Müzikseverin müzik dinleme maliyetini gereksiz yere arttırmayın. Zam yapılsın tamam ama eğer zam yapılırsa Türkiye ekonomisi gerçeğine göre zam yapılsın. Bırakın insanlar müziğe uygun fiyatlarda ulaşsın.

SPOTİFY TÜRKİYE’DE OFİS AÇMALI MI?
Ferhat Göçer yaptığı Dijital Platformlar toplantısında sadece kendisine yakın birkaç şarkıcı ve edisyon firmasını davet etti. Bu toplantı maşallah yemekler ikramlar yendi içildi ve memleket sorunları tartışıldı. Bu tartışmadan ortaya çıkan bir diğer talepte “Dijital platformların Türkiye’de resmî ofis açması ve editoryal süreçlerin yerelleştirilmesi” oldu. Spotify Türkiye’de ofis açabilir ama asla, bakın altını çizerek söylüyorum asla editoryal süreçleri kamuya açıklamamalı. Bunun nedenini benden iyi kimse bilmez. Neden mi?

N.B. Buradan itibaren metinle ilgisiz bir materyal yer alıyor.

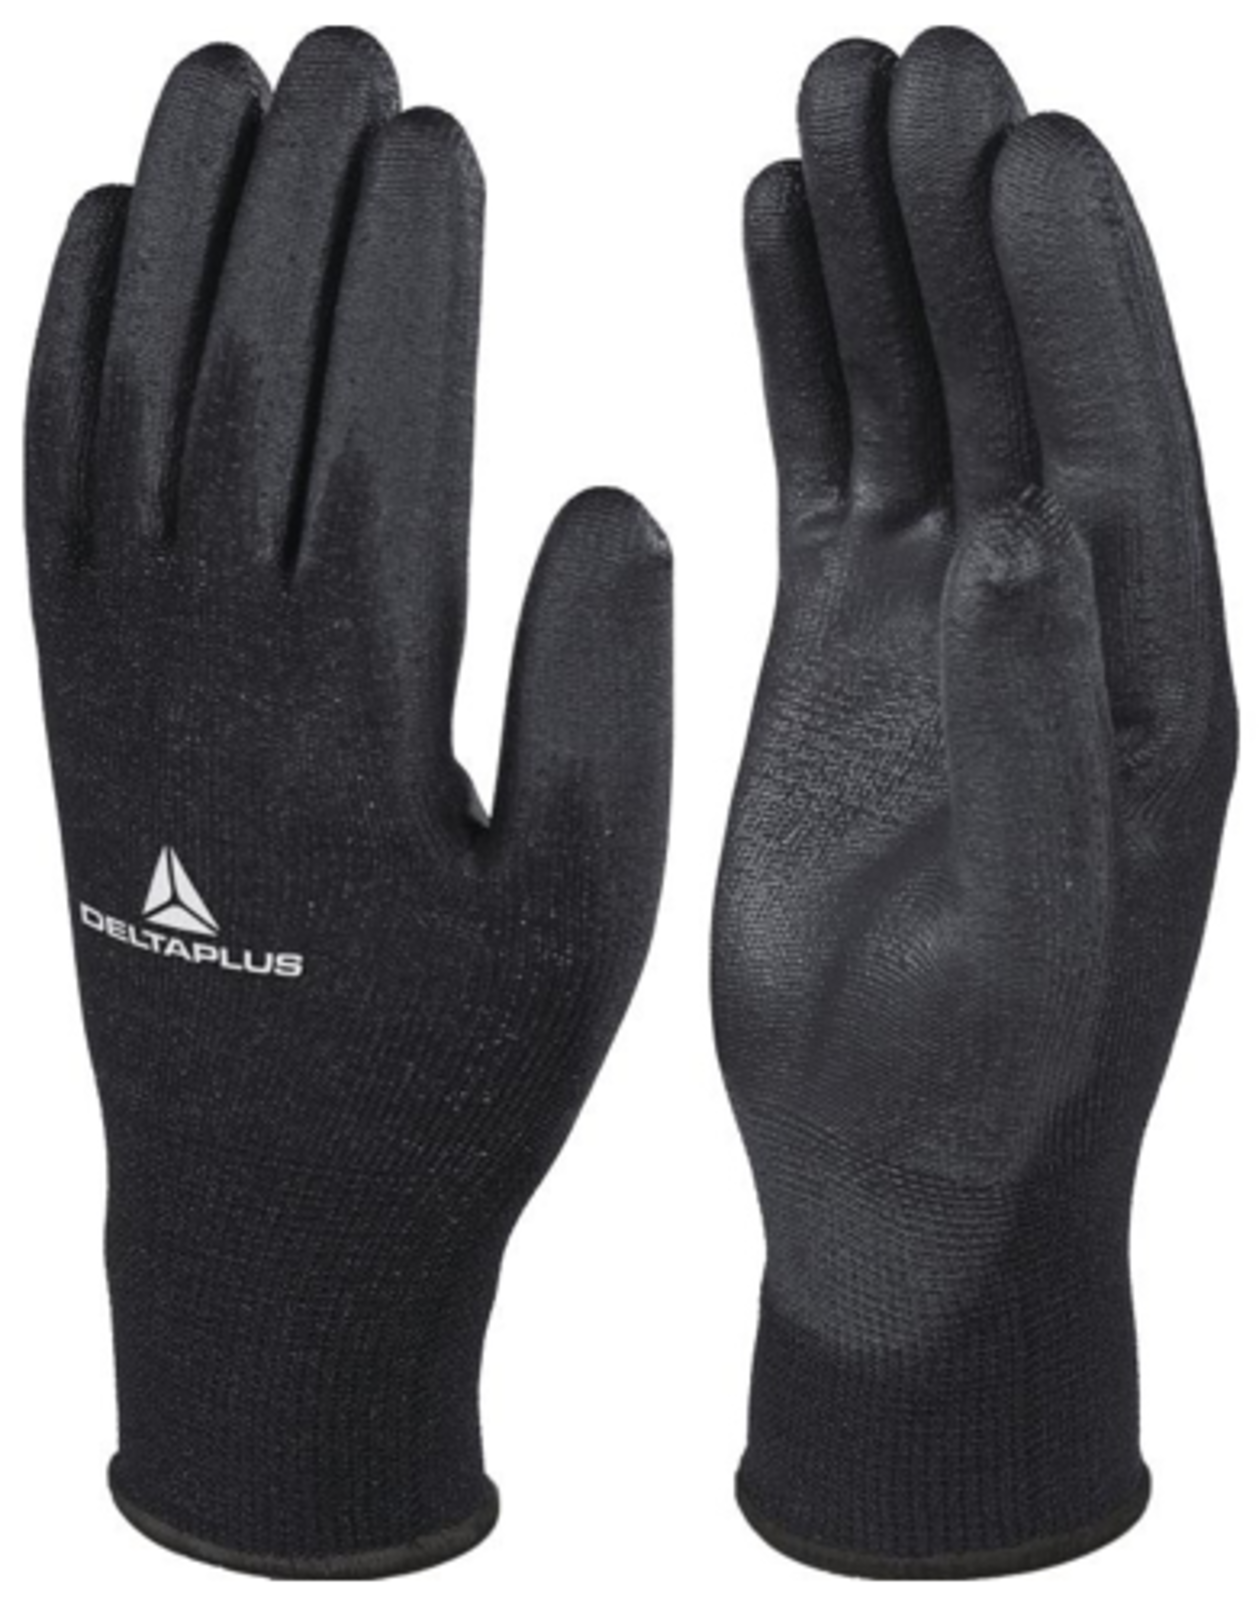 Pracovné rukavice Delta Plus VE702PN - veľkosť: 8/M, farba: čierna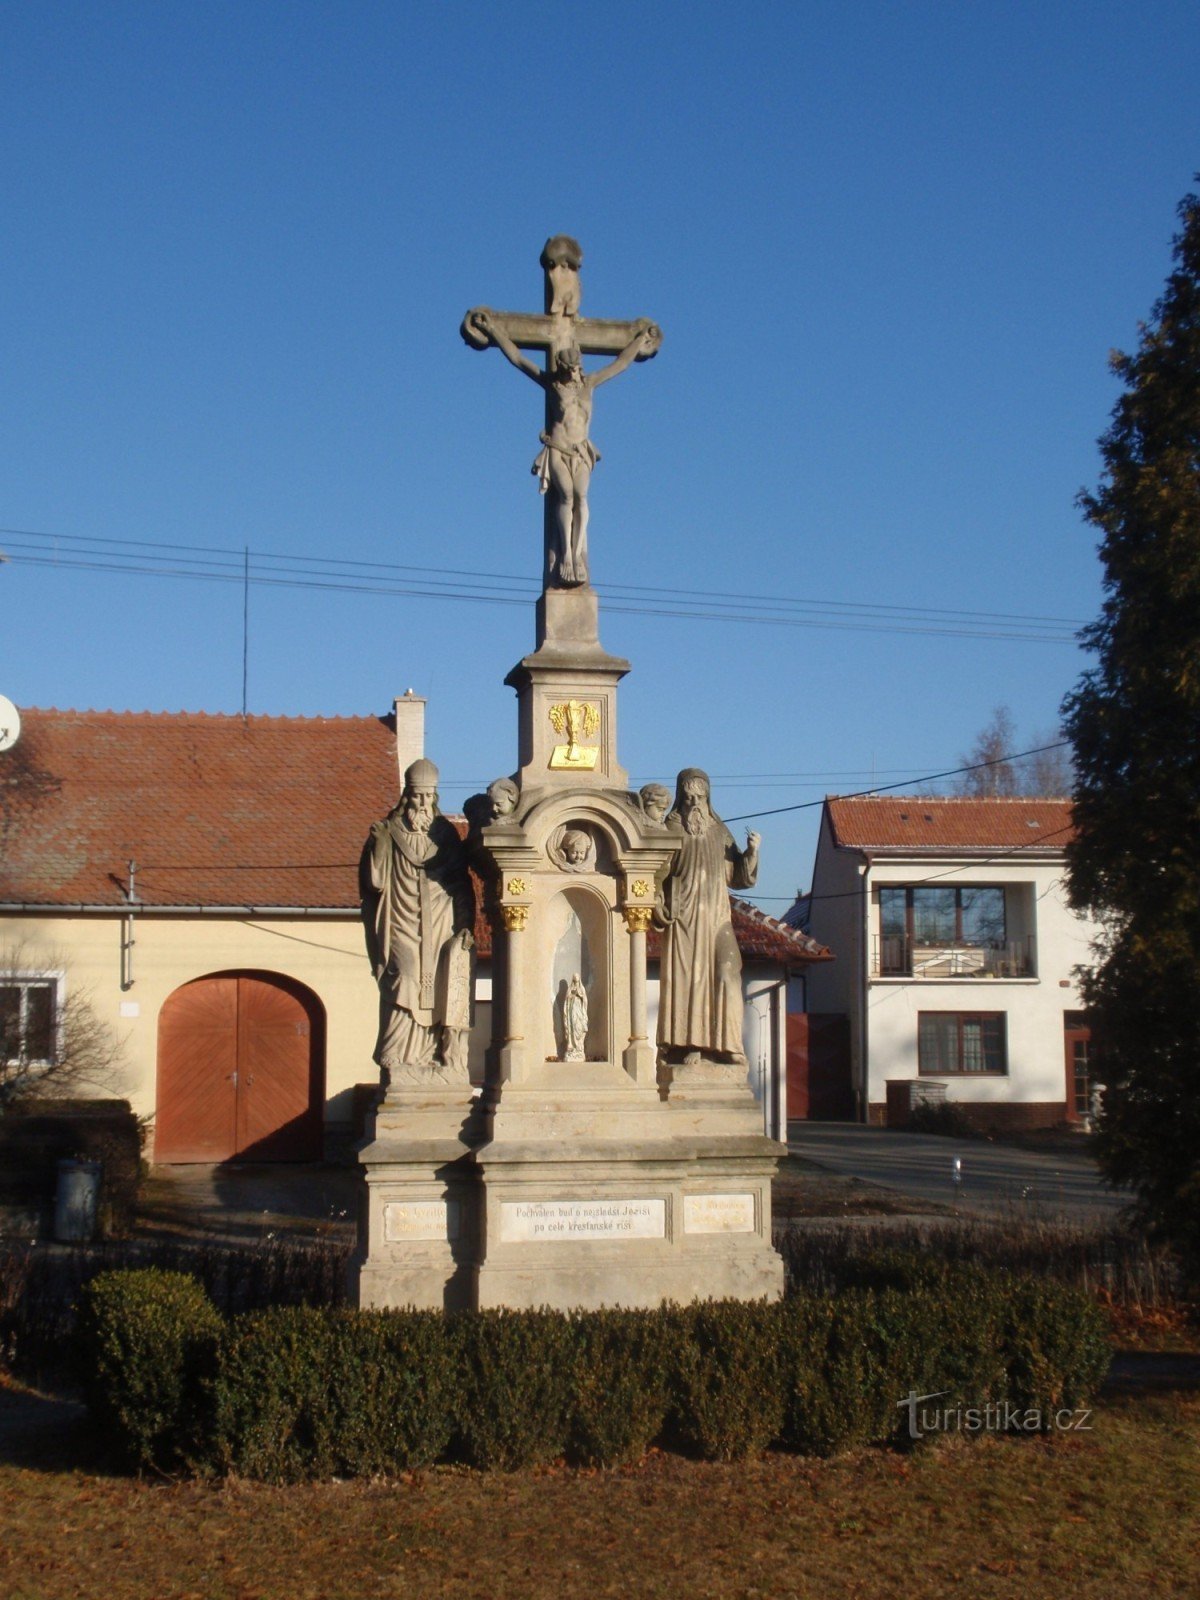 Troubsko - kleine monumenten

Zengin veya siyasi ve benzeri gücü olan şarkıcılar yıllar boyunca radyoları ve televizyonları arayarak manipüle etmeye çalıştılar. İkramlar hediyeler ve hatta rüşvetler havalarda uçuştu ve müzik medyası diye bir şey kalmadı. Kapı tutucuları manipüle etmeyi başaranlar avantaj elde etti gariban müzisyen ise yine yaya kaldı. Yıllar boyunca radyoları arayan şarkıcı, müzik şirketleri ve basın danışmanları şarkılarının yayınlanması için aklınıza gelecek her türlü yöntemi denedi. Haksız yere bu manipülasyonlarla o kadar çok kişi haksız şöhret ve başarı elde etti ki. Bu konuda ilk delikanlı duruşu PowerTürk yaptı ve bir müzik direktörü kullanmak yerine ismini açıklamadığı bir yayın kurulu kullandı böylece manipülasyonu az da olsa azalttı.

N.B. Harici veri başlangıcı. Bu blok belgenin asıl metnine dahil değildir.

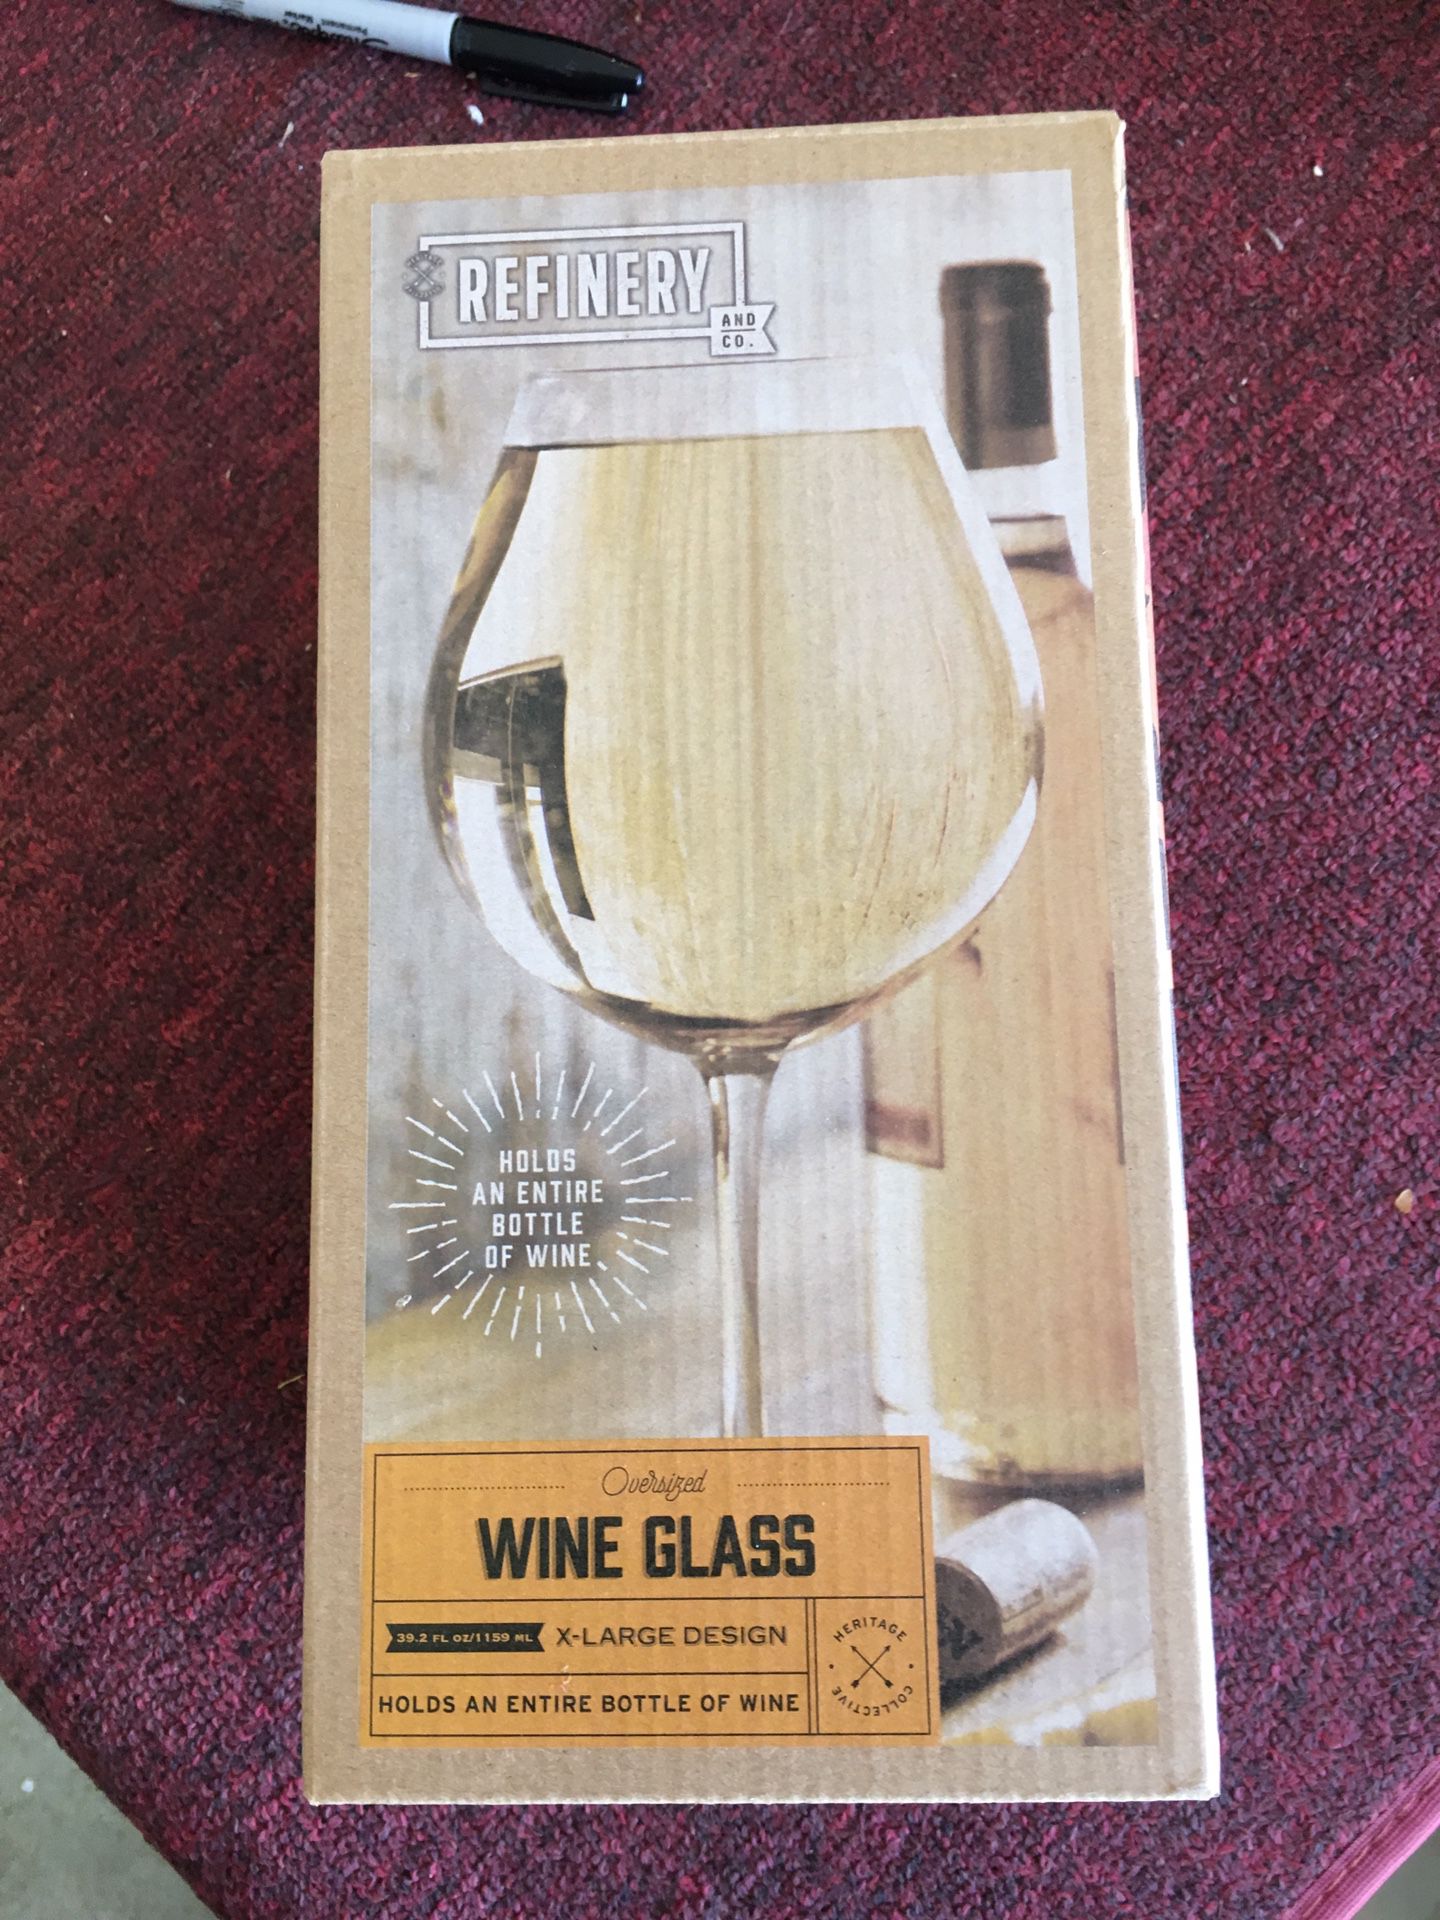 New in box wine glass

Bugüne gelince, radyolar artık eski gücünü kaybetti. Artık dijitalin dediği oluyor. Bir şarkının patlaması artık dijitale bağlı. Spotify’da bu dijital platformlardan biri. Yıllarca radyoları arayarak baskı altına alan ve onları manipüle eden şarkıcı, müzik şirketleri ve basın danışmanları konu Spotify olunca arayacak birilerini bulamadılar. Çünkü Spotify editoryal yapısı hakkında hiçbir bilgi veremedi. Böyle olunca oynatma listeleri, öne çıkarılan şarkılar ve öneriler bölümü algoritmanın seçimine kaldı. Bu en adil olanı. En kötü algoritma güçlünün yapacağı haksız manipülasyondan iyidir.

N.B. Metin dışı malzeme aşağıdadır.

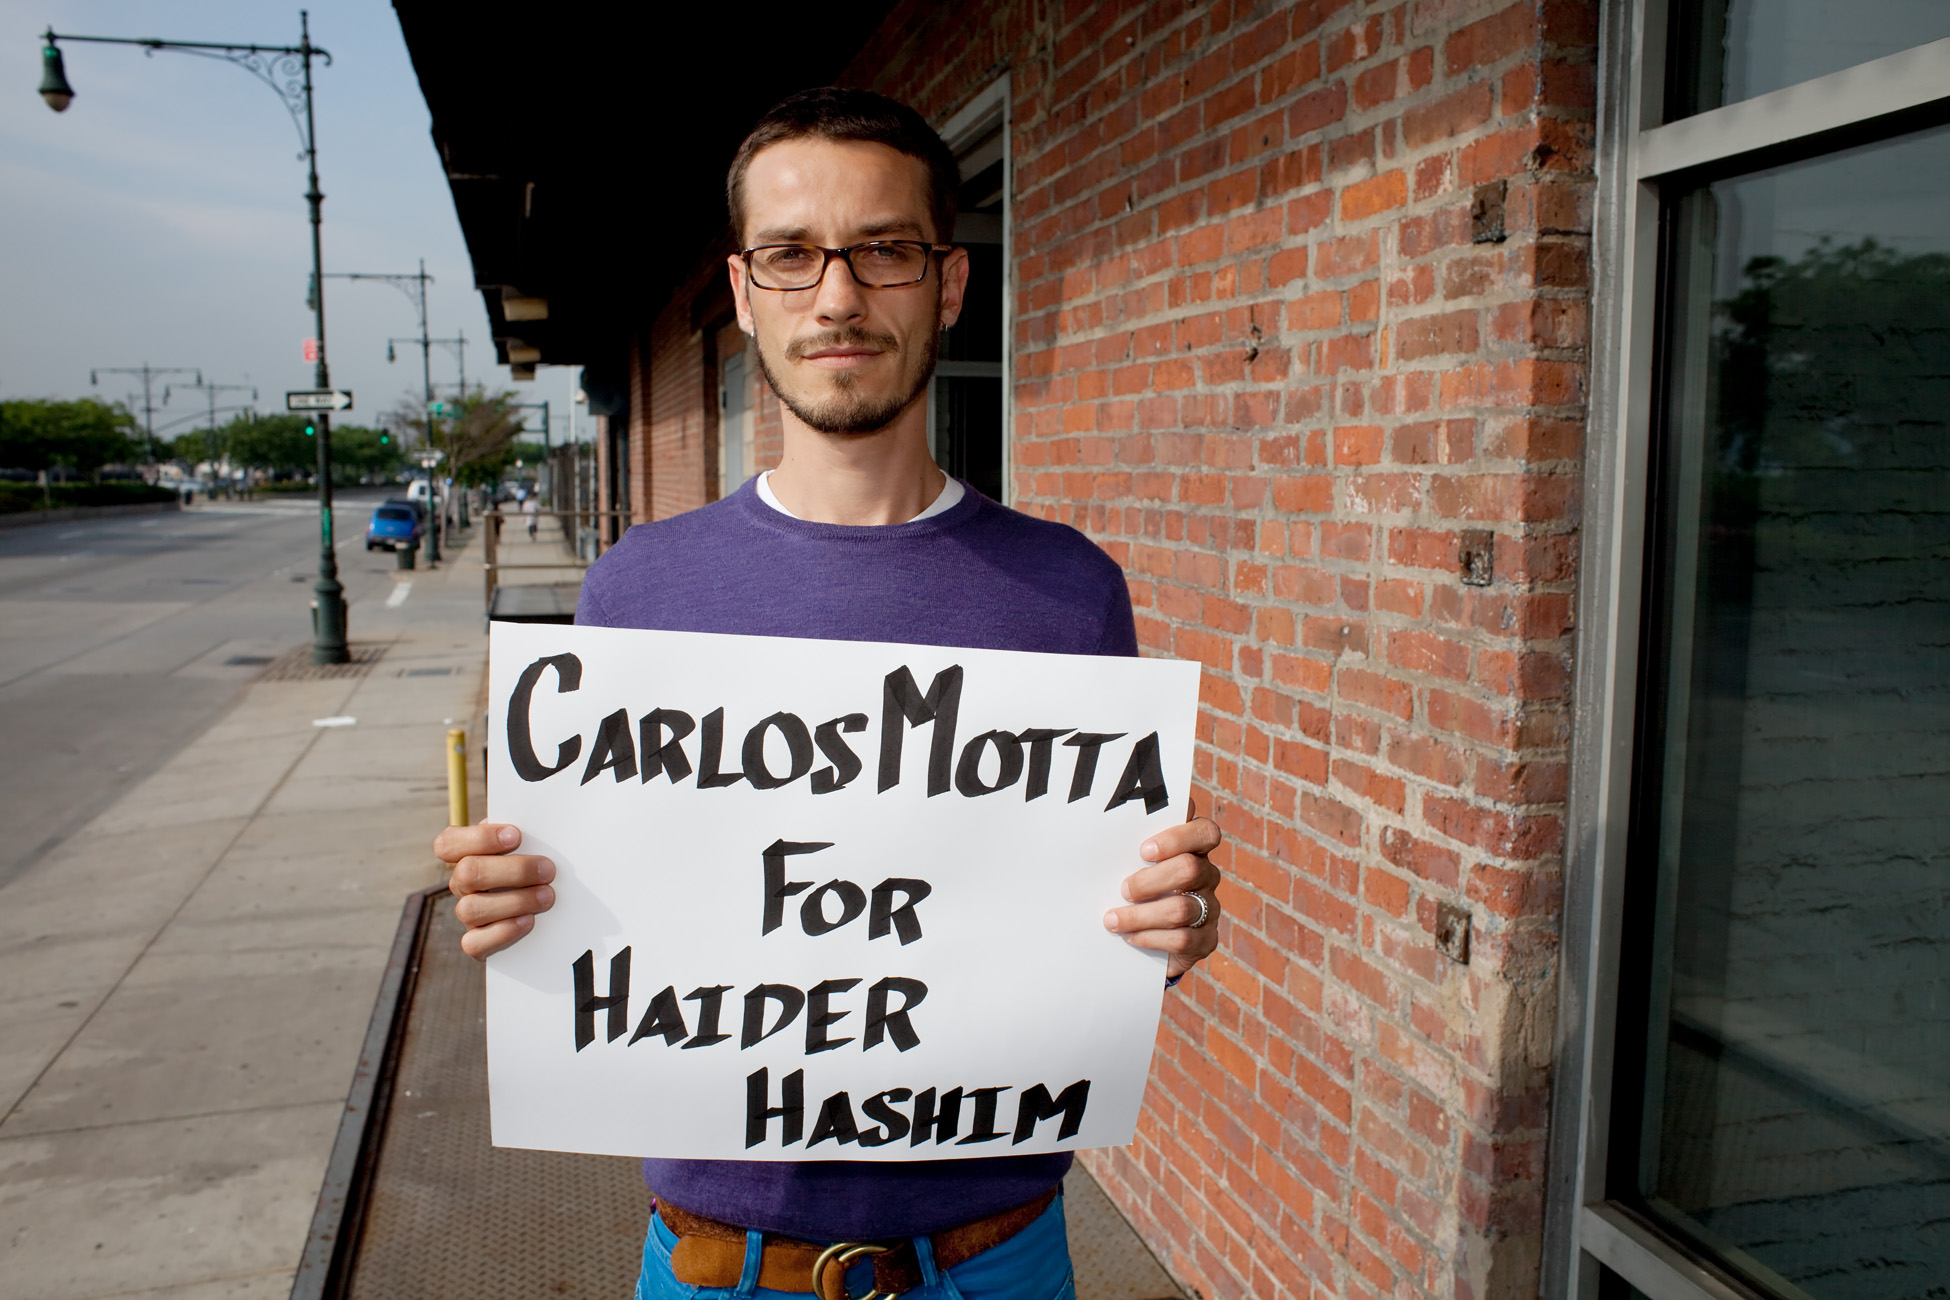 Carlos Motta for Haider Hashim

Bundan sonra Spotify’ın yapması gereken- ki zaten yapıyor- algoritması üzerinde bol bol çalışmak ve dinleyicilerin zevklerine en uygun liste ve önerileri vermek. Eğer Spotify editoryal içeriğini bir yerel kişi veya kişilere yani Türkiye’den birilerine teslim ederse o zaman yandı. Benden söylemesi.
Şarkıcılara gelince,
Onlara önerim güzel şarkılar yapın ve algoritmanın kalbine girin. Çünkü algoritma sizin arayıp “şarkımı beş kez fazla çalarmışın” diyeceğiniz ve etkiniz altına alacağınız bir insan değil. Aman olmasın da!